Anonymous Monk has asked for the wisdom of the Perl Monks concerning the following question:

Hi Monks!
This code does the capitalization on each word just fine, but my question is if I get a person's name like:
mcdonald or mcmaster or MCENROE what would be the best why to use this code but making sure that if names like that comes up it will also do the capitalization properly.
Here is the code
#!/perl/bin/perl -w use strict; ## capitalize each word's first character, downcase the rest my $test = cap("o'tools"); my $test2 = cap("mcdonalds"); my $test3 = cap("mcmaster"); my $test4 = cap("MCENROE"); print "**1-$test**\n"; # should print "O'Tools" print "**2-$test2**\n"; #should print "Mc Donalds" print "**3-$test3**\n"; #should print "Mc Master" print "**4-$test4**\n"; #should print "Mc Enroe" sub cap { my $case = shift || ''; $case =~ s/(\w+)/\u\L$1/g; return $case; }

Thanks for the Help!

Replies are listed 'Best First'.
Re: Capitalization Case Help!
by Corion (Patriarch) on Sep 15, 2010 at 19:33 UTC

    I'm pretty sure that you can't do that as there will be many different forms how people write their family names even if they all look the same uppercased. But if you want to really ire your customers with misspelled names, have a look at String::ProperCase::Surname

Re: Capitalization Case Help!
by Your Mother (Archbishop) on Sep 15, 2010 at 20:05 UTC

    Corion is right. This problem cannot be solved programmatically (not perfectly anyway). Names do not conform to any spelling rules and the affixes, capitals, and possible spacing also morph. Even in your "should print" examples you have chosen decidedly non-standard, but entirely possible, spellings. McEnroe is more likely to be right than Mc Enroe but you will also find Mcenroe, Macenroe, MacEnroe, and Mac Enroe exist in the wild.

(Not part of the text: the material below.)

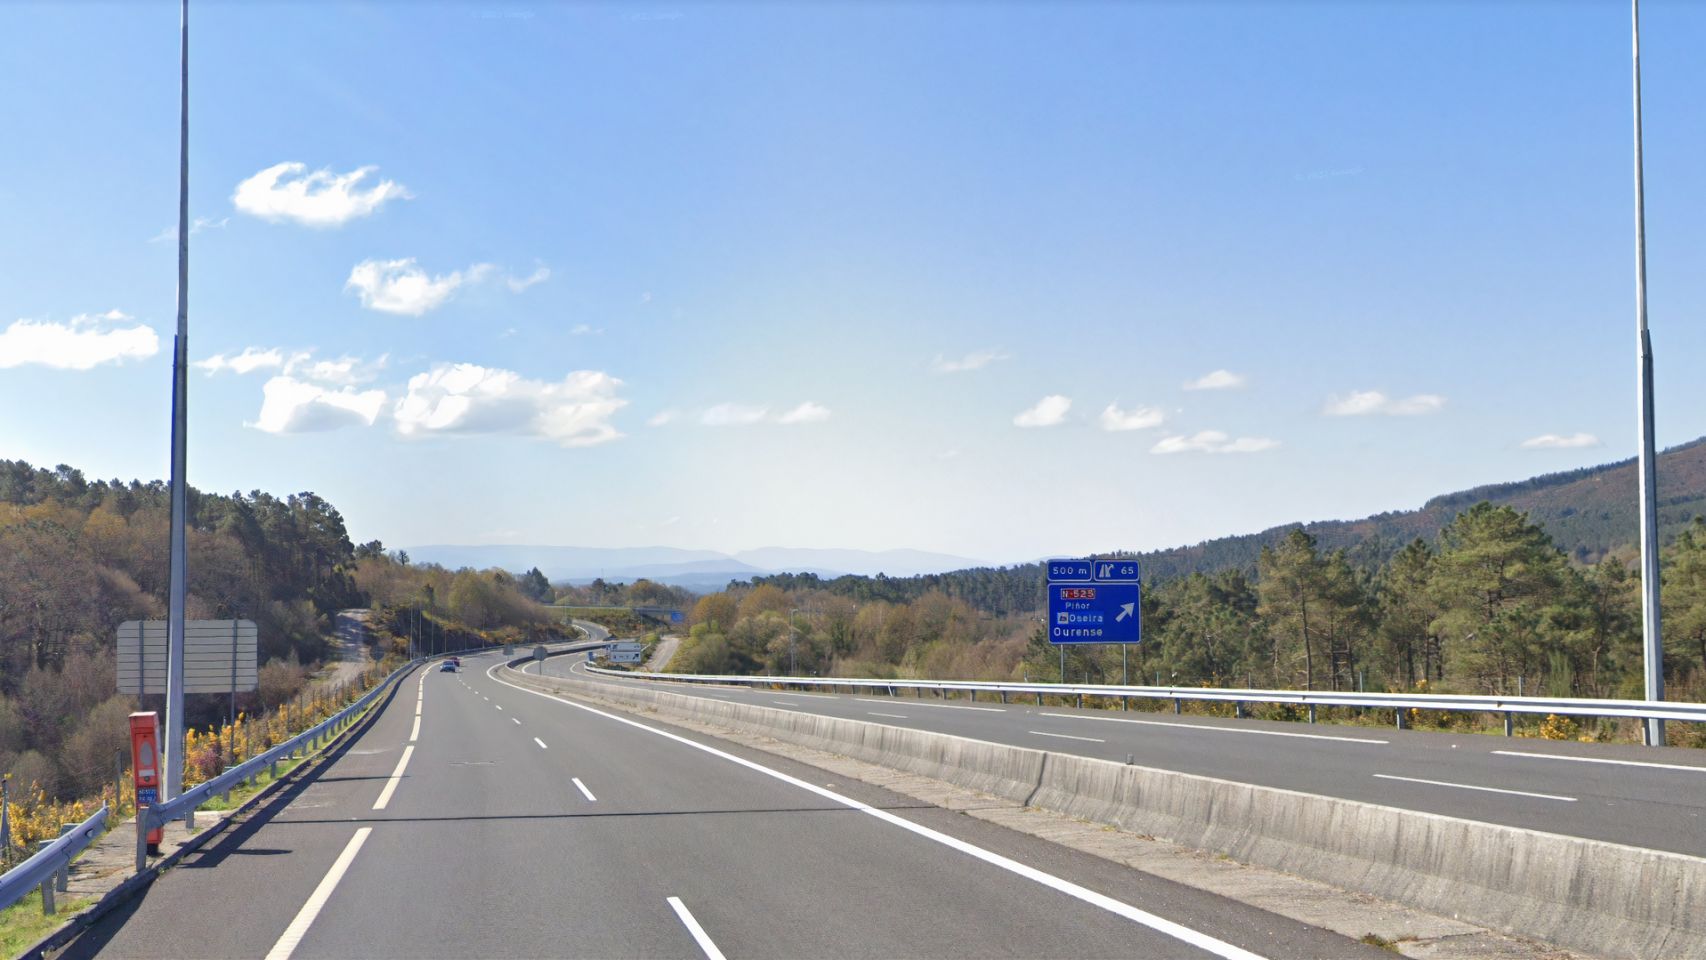 Carretera AG-53 a su paso por la provincia de Pontevedra.

Re: Capitalization Case Help!
by kennethk (Abbot) on Sep 15, 2010 at 20:31 UTC
    You may wish to consider the following off-site post before doing any significant processing on people's names. It doesn't provide much actionable information, but it will point out a lot of assumptions you've made. http://www.kalzumeus.com/2010/06/17/falsehoods-programmers-believe-about-names/.

    Using a name as a primary identifier can be extraordinarily and unnecessarily complicated for a given task.

Re: Capitalization Case Help!
by graff (Chancellor) on Sep 16, 2010 at 01:37 UTC
    Now that you've gotten the necessary lectures about why you shouldn't be doing this, here is a way to do specifically what you asked for (even though I think the insertion of the space is a mistake more often then not, so I would be inclined to leave out the added space):
    sub cap { local $_ = shift || ''; s/\b(\w\S*)/\u\L$1/g; s/(?<=\bO')(\w)/\u$1/g; s/(?<=\bMc)(\w)/ \u$1/g; return $_; }
    Since that uses zero-width look-behind, which has to involve a fixed number of characters to match, you'd have to add another separate regex to handle the case of "Mac..." (that is, just adding "a?" to the last regex above would cause a run-time error).
      ... zero-width look-behind ... has to involve a fixed number of characters to match ...

      5.10 adds the  \K variable-width look-behind Special Escape (see  "(?<=pattern)" "\K" in the Look Around Assertions section of perlre):

      >perl -wMstrict -le "print qq{ver $]}; for (@ARGV) { my $name = $_; $name =~ s{ \b Ma?c \K (\w) }{ \u$1}xmsg; print qq{'$_' -> '$name'}; } " Mcdonald Macdonald ver 5.010001 'Mcdonald' -> 'Mc Donald' 'Macdonald' -> 'Mac Donald'